# Vox article Why don't riders tip



## UberBud (Aug 8, 2016)

https://www-vox-com.cdn.ampproject....4/why-some-people-dont-tip-their-uber-drivers


----------



## Reina1 (Feb 13, 2018)

UberBud said:


> https://www-vox-com.cdn.ampproject.org/v/s/www.vox.com/platform/amp/the-goods/2018/10/8/17952804/why-some-people-dont-tip-their-uber-drivers?amp_js_v=a2&amp_gsa=1#referrer=https://www.google.com&amp_tf=From %1$s&ampshare=https://www.vox.com/the-goods/2018/10/8/17952804/why-some-people-dont-tip-their-uber-drivers


This is the part that stuck out to me from that article
"So far, New York City is the only city where Uber may soon have to pay all drivers at least $17.22 an hour, due to recent legislation.

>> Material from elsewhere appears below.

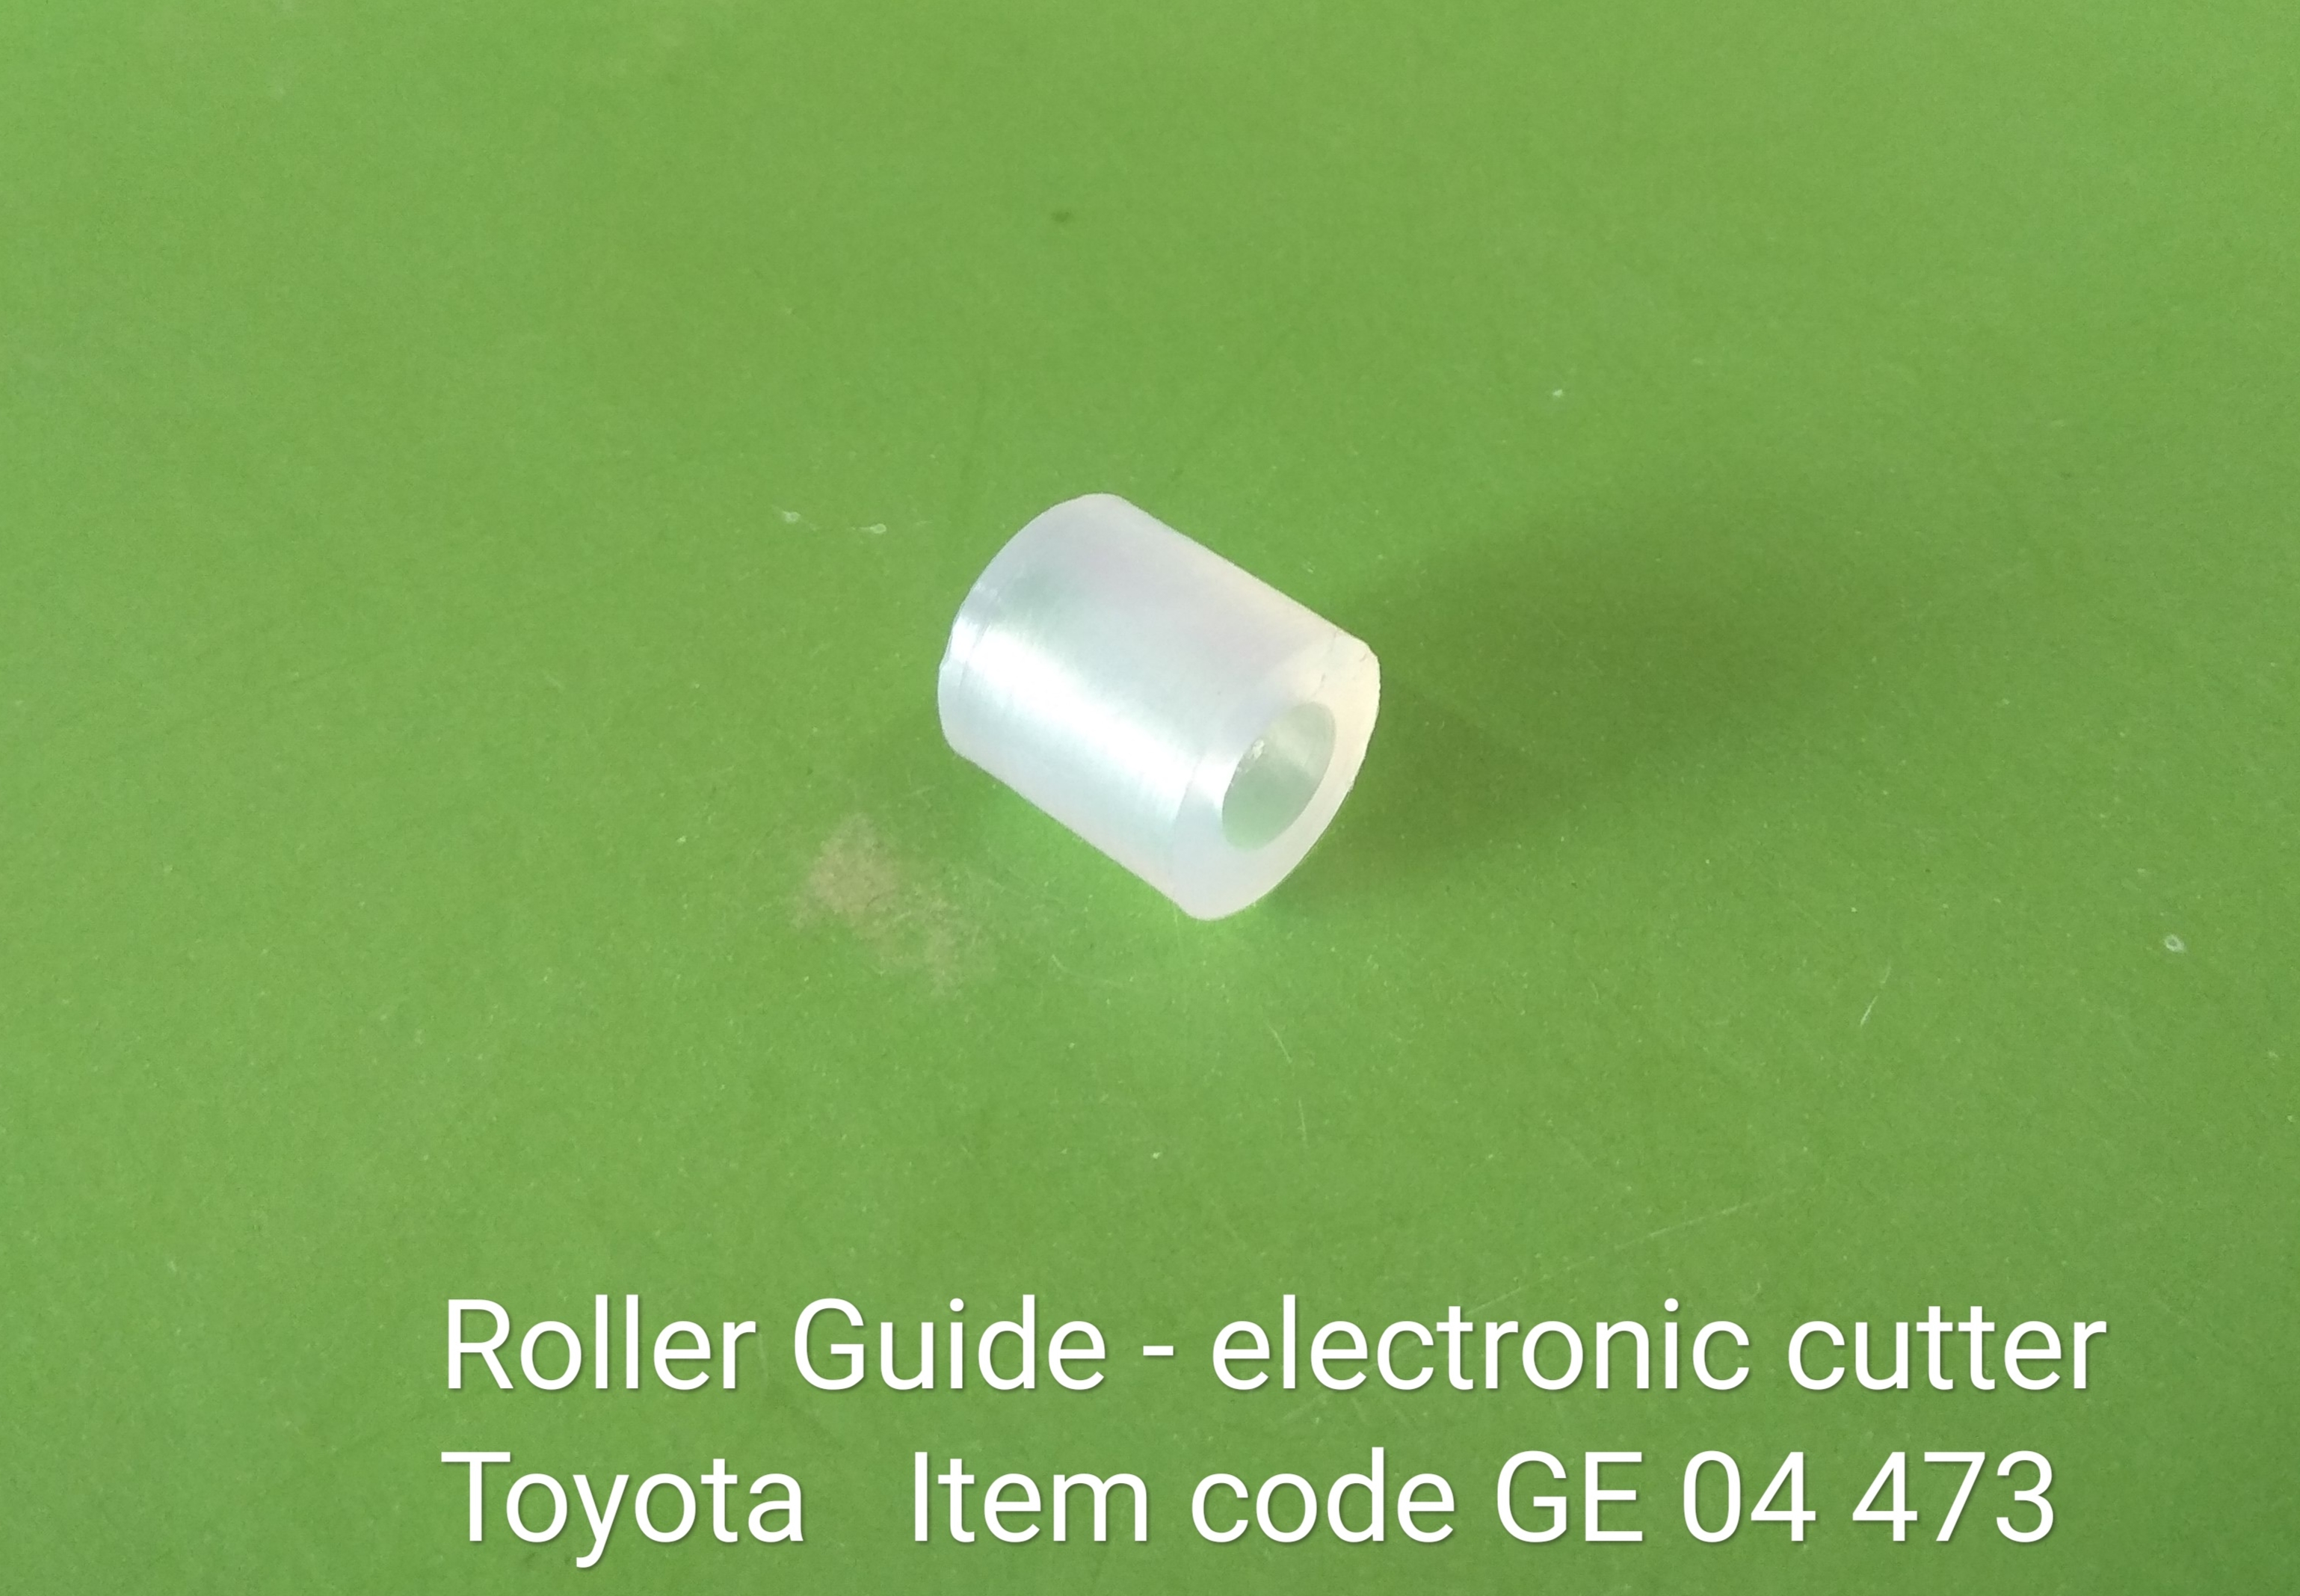 GE_04_473_ROLLER_GUIDE_-_ELECTRONIC_CUTTER_TOYOTA_53_18.jpg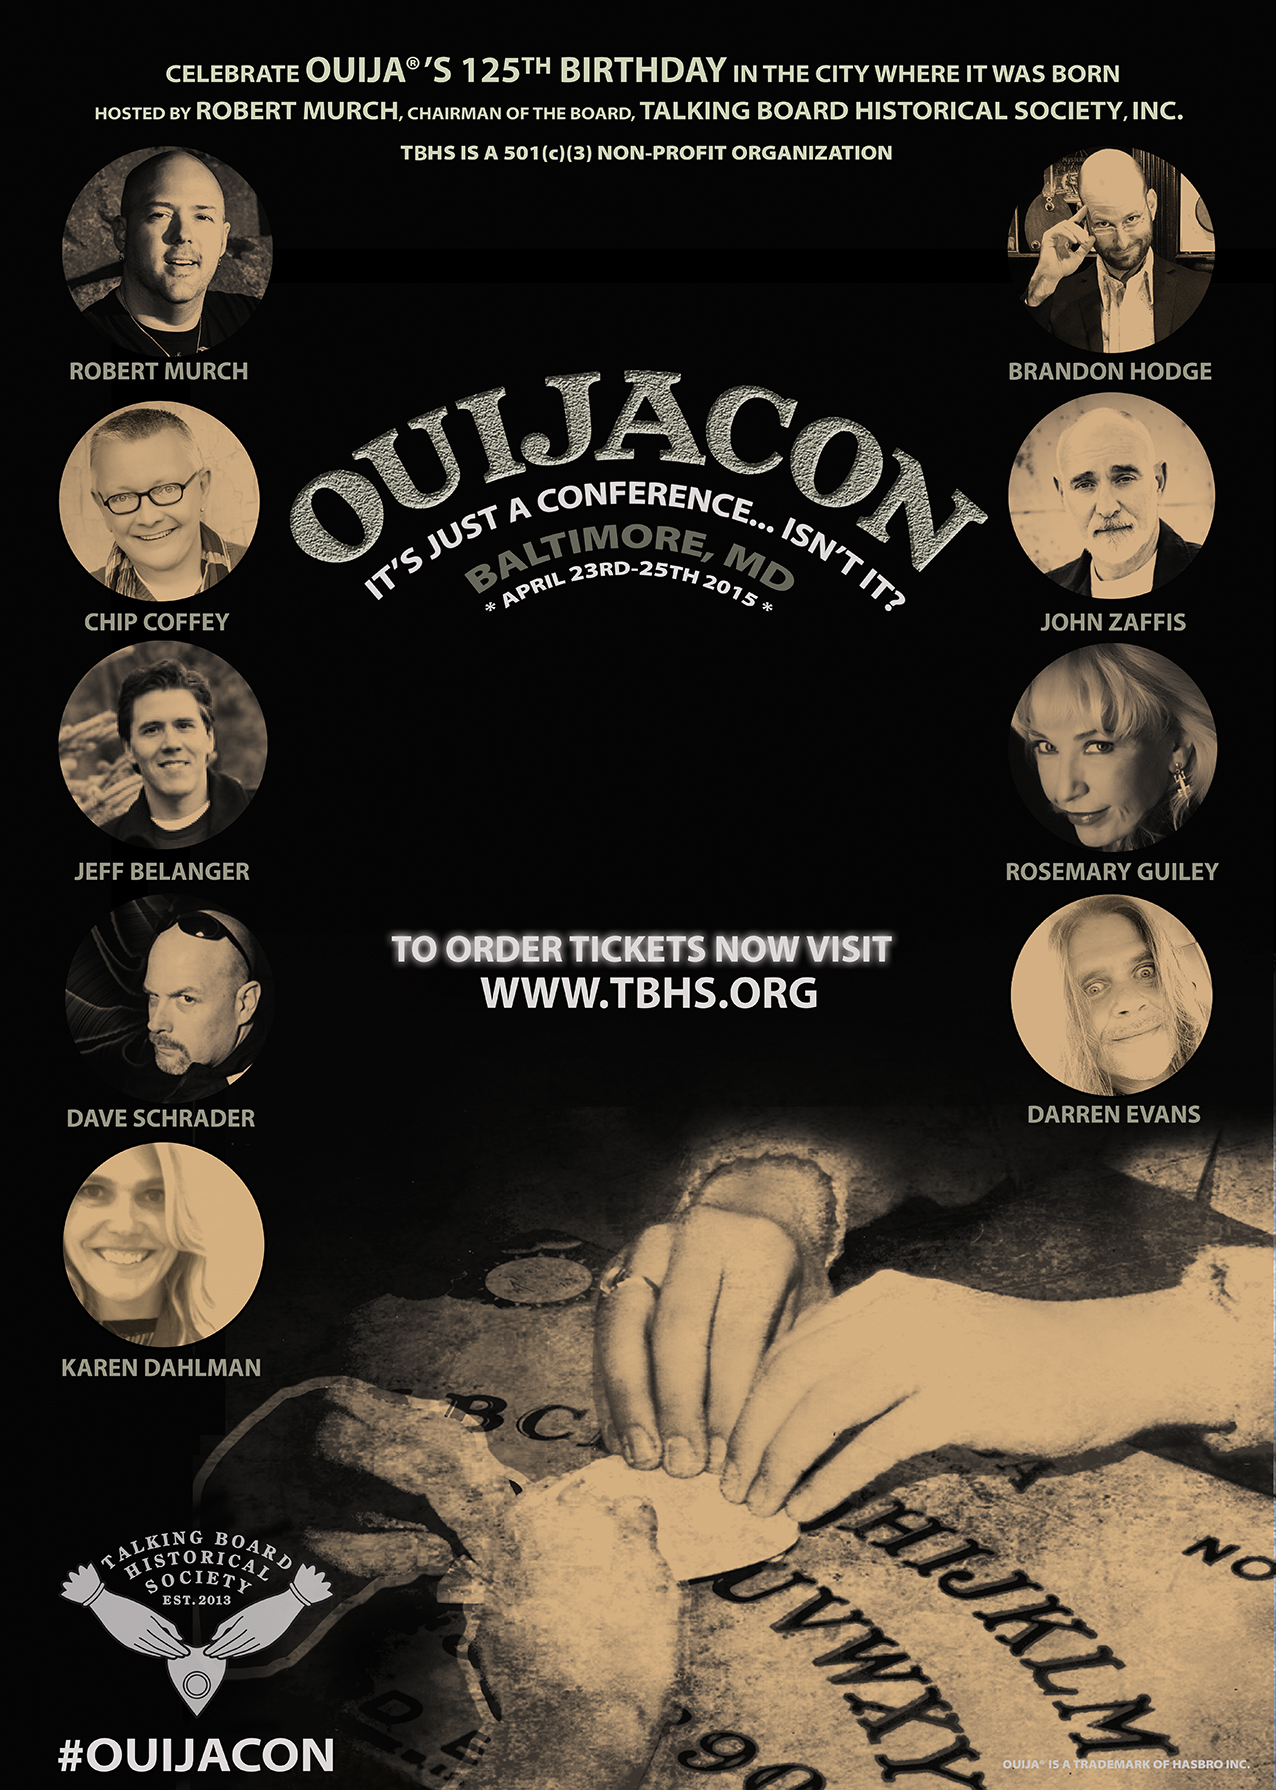 OUIJACON - April 23-25, 2015 in Baltimore, Maryland

Minimum wage in New York City is $13 (soon to be $15 for businesses with 10 or more employees), in Chicago it's $12, and in Los Angeles it's $13.25 (for businesses with 26 or more employees)."
I drive part time and haven't really kept up on legal stuff going on with Uber. But it seems to me that if this precedent is set, then it should follow to other cities and Uber will have to pay all drivers a certain amount in all cities? Could that be the case?
Maybe someone here is more knowledgeable about this and where it stands..


----------



## jazzapt (May 16, 2016)

Interesting article. And the reasons presented confirm my belief that, as much as we want them to, we will never get to a time when the majority of pax tip. Maybe a persuasive driver can convince most of his/her pax to tip. But as a whole, nationwide, it will never be a majority.

Bottom line is not everyone thinks of a rideshare driver the same way they think of a waiter/waitress, or even a taxi driver. Rideshare is a different animal within the services industry, and one that (with the help of Uber) many pax don’t believe does not require them to tip. This article shows that.

As drivers, we universally all agree that pax should tip. But, especially since there was a time when tipping wasn’t even an option, you’ll be hard pressed to convince most pax of that. 

In my opinion, SDCs will take over long before we would come to a time when most pax tip.


----------